In the script calls-function, the printCount function simply displays the current value of COUNT. An until loop iincrements and monitors the value until it reaches a thousand by determining whether COUNT is greater than 999. At that point, the program terminates with a short message that it finished counting. Timing the script's execution yields the following results. (Note that the actual output has been trimmed to the results of time in the interest of saving space.)
$ time calls-function
calls-function: Done counting to 1000
4.86user 6.57system 0:11.68elapsed
Now consider the second method of counting to 1000. Here, the script sources-function imports the same function, printCount, from the file function; it sources the code used to print the value of COUNT.
$ cat sources-function
#!/bin/sh
COUNT=1
. function
until [ ${COUNT} -gt 999 ];
do
printCount
COUNT=`expr ${COUNT} + 1`
done
echo "`basename ${0}`: Done counting to 1000"
$ cat function
printCount () {
echo ${COUNT}
}
Once again, an until loop watches and terminates once COUNT reaches 1000. Comparing the execution time to calls-function, it can be seen that there is a slight performance penalty for sourcing. This can be explained by the fact that the file function, when it is sourced, has to be opened and its contents committed to memory before the function can be used. On the other hand, in calls-function the shell reads printFunction during its initial pass over the contents of the script. It does not incur the penalty of having to do the extra file read that sources-function does.
$ time sources-function
sources-function: Done counting to 1000
4.96user 6.61system 0:11.80elapsed
Finally, compare the first two methods to calls-subscript. This last script exports COUNT and then uses the program subscript to display COUNT's value:
$ cat calls-subscript
#!/bin/sh
COUNT=1
export COUNT
until [ ${COUNT} -gt 999 ];
do
subscript
COUNT=`expr ${COUNT} + 1`
done
echo "`basename ${0}`: Done counting to 1000"
$ cat subscript
#!/bin/sh
echo ${COUNT}
Running calls-subscript through the time program shows:
$ time calls-subscript
calls-subscript: Done counting to 1000
10.95user 13.37system 0:24.83elapsed
In this last example, there is a significant increase in the program's performance. It takes roughly twice as long to complete as the first two. This can be attributed to the fact that each time calls-subscript uses subscript, the shell must open the file, spawn a subshell, execute the echo statement, and then return control back to the main program.

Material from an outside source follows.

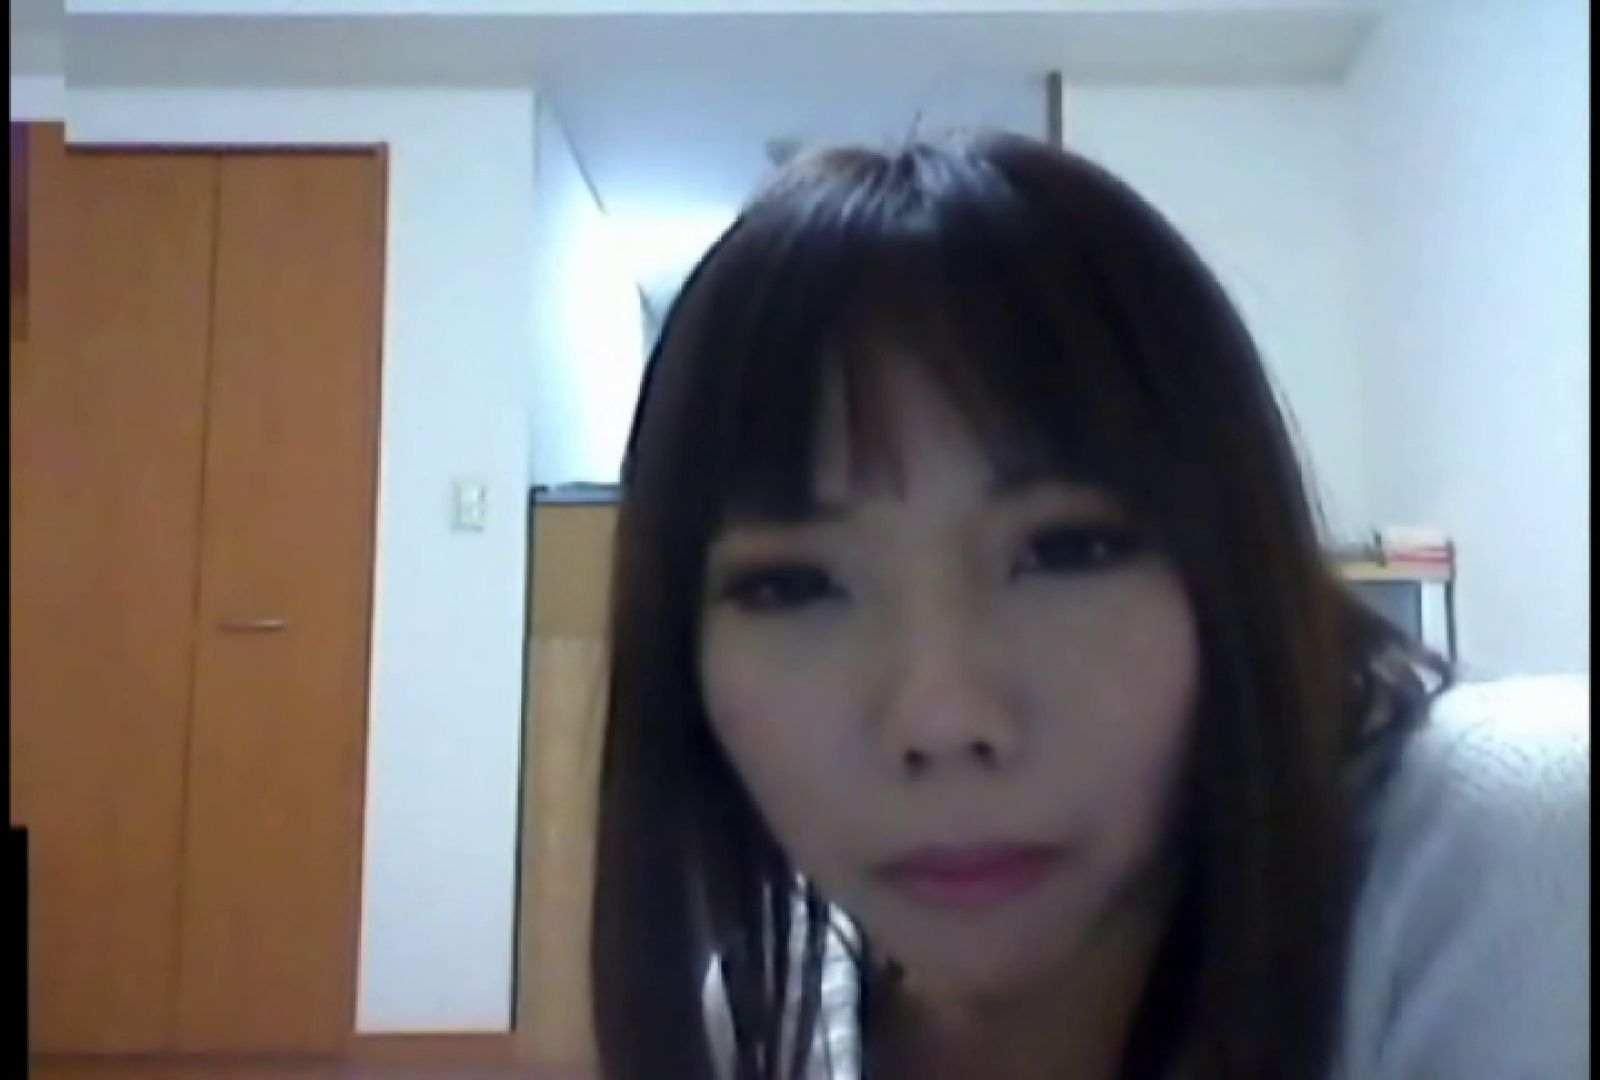 電魔王さんの「盗撮の部屋」No.10 美加 No.2 女体盗撮  82連発 4
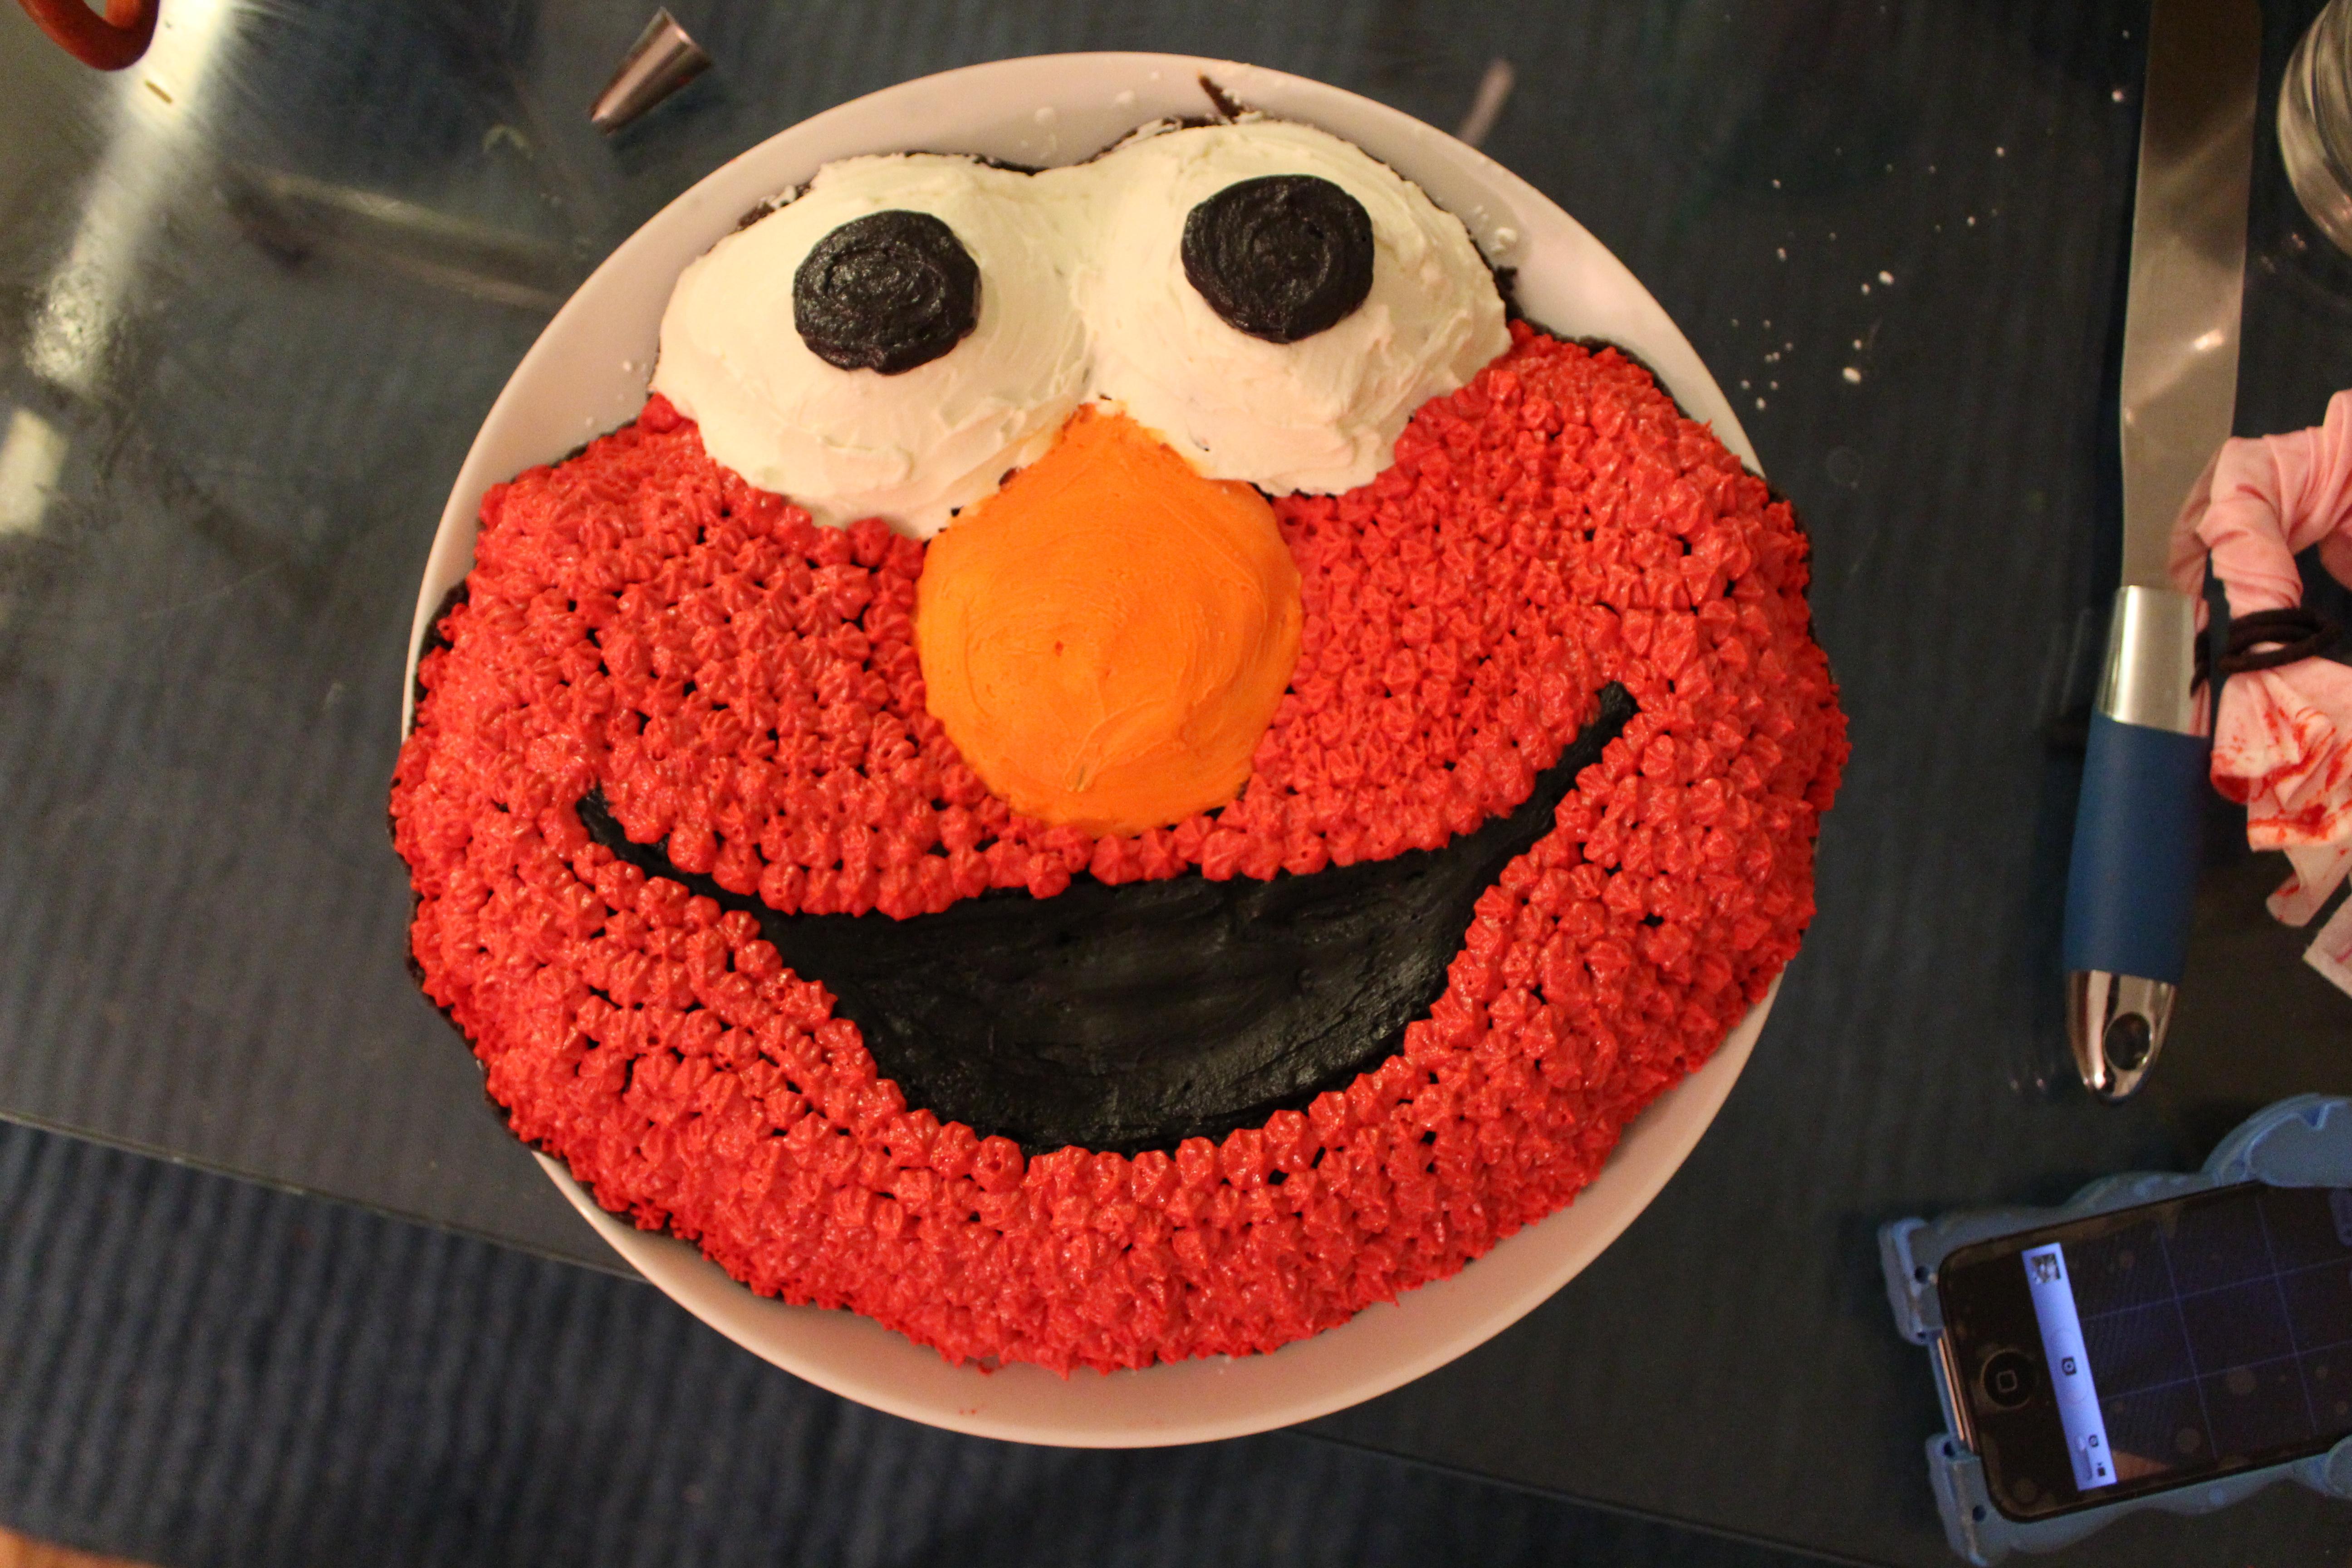 How To Make An Elmo Shaped Cake

From this exercise it is plain to see that including function code directly
into scripts is the most optimal. It is definitely a bad idea to
divide scripts into many subscripts because of the performace penalty.
Try to use functions whenever it seems like a subscript fits. Now
there is something to be said for sourcing commands from another file.
Sourcing does not hinder program execution much and it does allow the organization
of reusable code blocks into script libraries. Still, these same
code blocks could simply be copied directly into a script's body in the
name of speed. But that is a matter of choice. After all, the
enhancement of speed could come at the cost of readability.